Before Rust 1.14, these do not produce the exact same assembly. I'd wait for benchmarking / profiling data to see if there's any meaningful impact on performance before I worried.
As of Rust 1.14, they do produce the same assembly! This is one reason I love Rust. You can write clear and idiomatic code and smart people come along and make it equally as fast.
but the first code would iterate two times, once for the map and once for the sum.
This is incorrect, and I'd love to know what source told you this so we can go correct it at that point and prevent future misunderstandings. An iterator operates on a pull basis; one element is processed at a time. The core method is next, which yields a single value, running just enough computation to produce that value.
First, let's fix those example to actually return the same result:
pub fn total_fold_iter() -> u64 {
(1..65).fold(0u64, |r, s| r + square(s))
}
pub fn total_map_iter() -> u64 {
(1..65).map(square).sum()
}
Now, let's develop them, starting with fold. A fold is just a loop and an accumulator, it is roughly equivalent to:
pub fn total_fold_explicit() -> u64 {
let mut total = 0;
for i in 1..65 {
total = total + square(i);
}
total
}
Then, let's go with map and sum, and unwrap the sum first, which is roughly equivalent to:
pub fn total_map_partial_iter() -> u64 {
let mut total = 0;
for i in (1..65).map(square) {
total += i;
}
total
}
It's just a simple accumulator! And now, let's unwrap the map layer (which only applies a function), obtaining something that is roughly equivalent to:
pub fn total_map_explicit() -> u64 {
let mut total = 0;
for i in 1..65 {
let s = square(i);
total += s;
}
total
}
As you can see, the both of them are extremely similar: they have apply the same operations in the same order and have the same overall complexity.
Which is faster? I have no idea.

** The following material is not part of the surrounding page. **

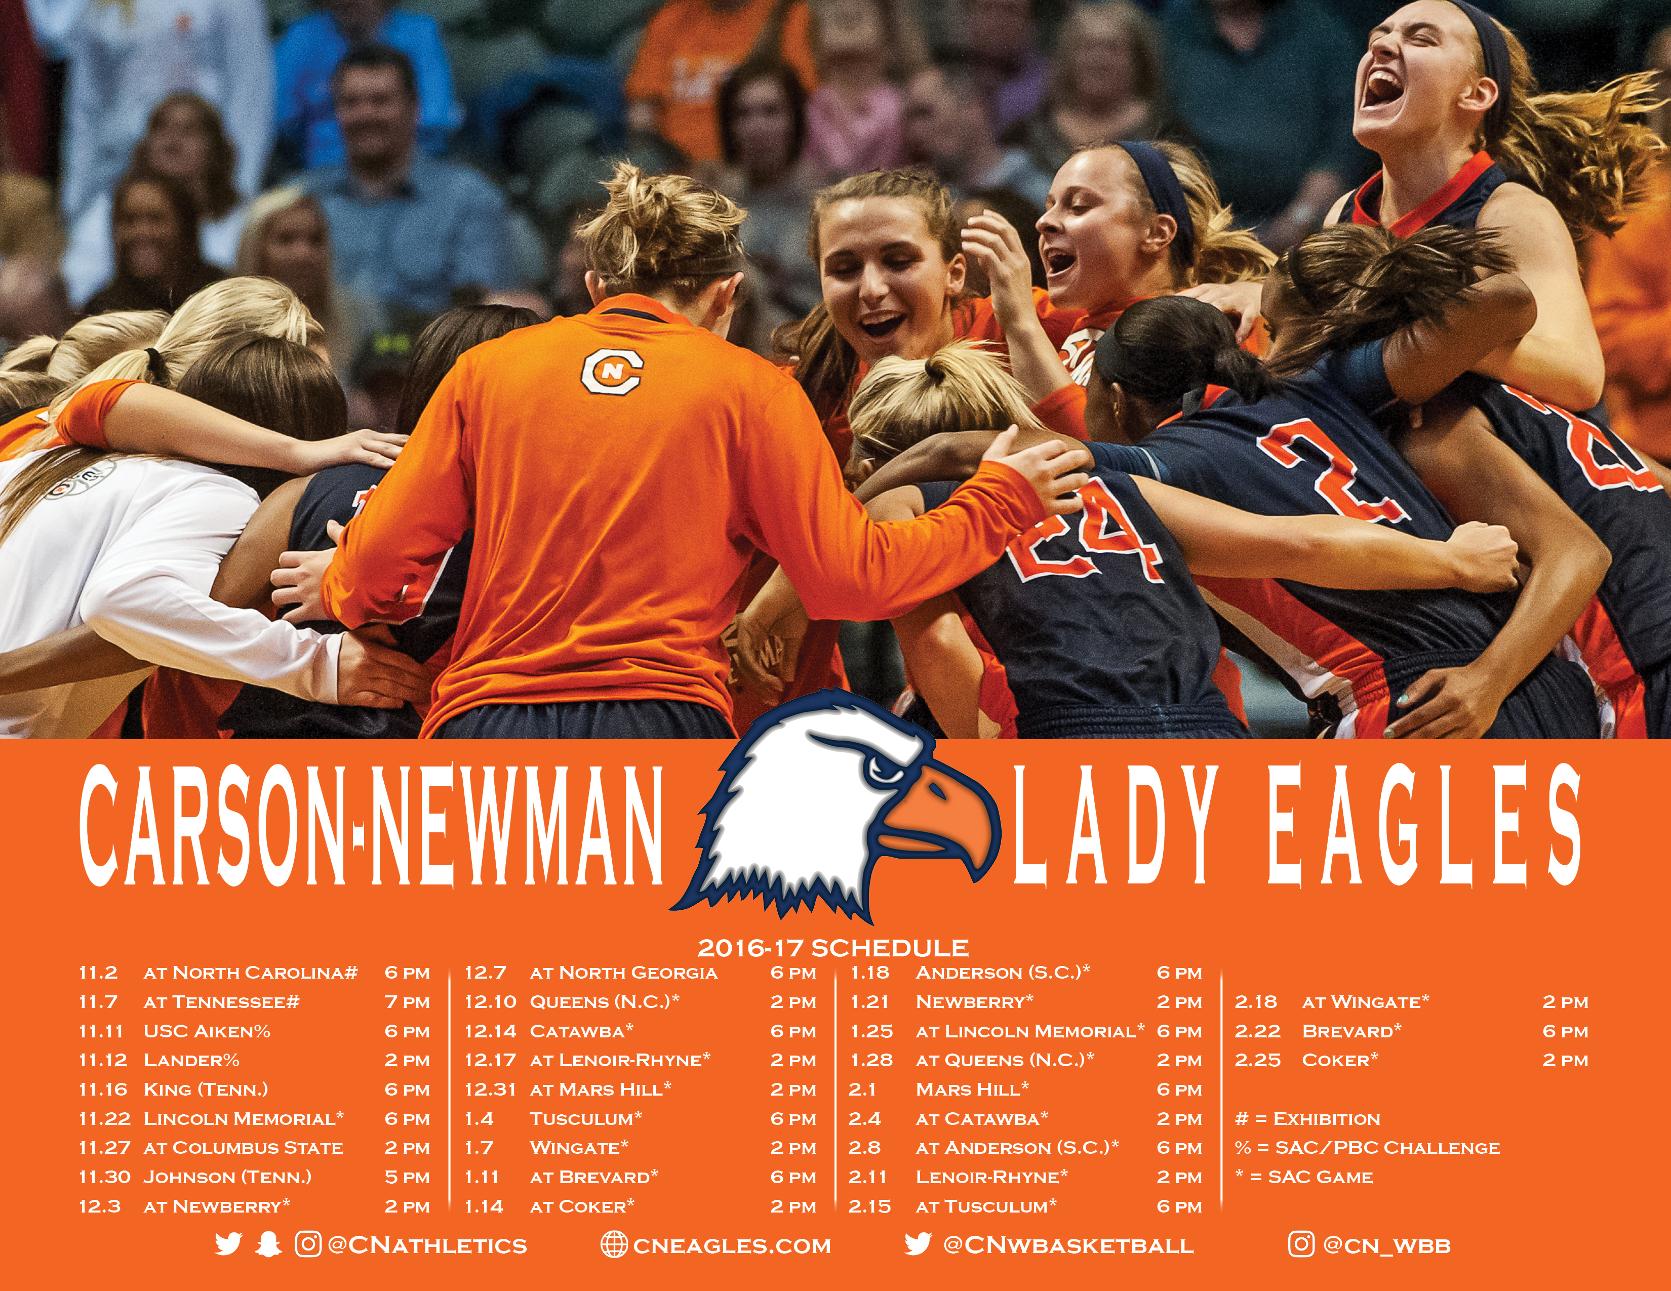 Lady Eagles debut balanced 2016-17 schedule

And a micro-benchmark may only tell half the truth anyway: just because something is faster in a micro-benchmark does not mean it is faster in the midst of other code.
What I can say, however, is that they both have equivalent complexity and therefore should behave similarly, ie within a factor of each other.
And that I would personally go for map + sum, because it expresses the intent more clearly whereas fold is the "kitchen-sink" of Iterator methods and therefore far less informative.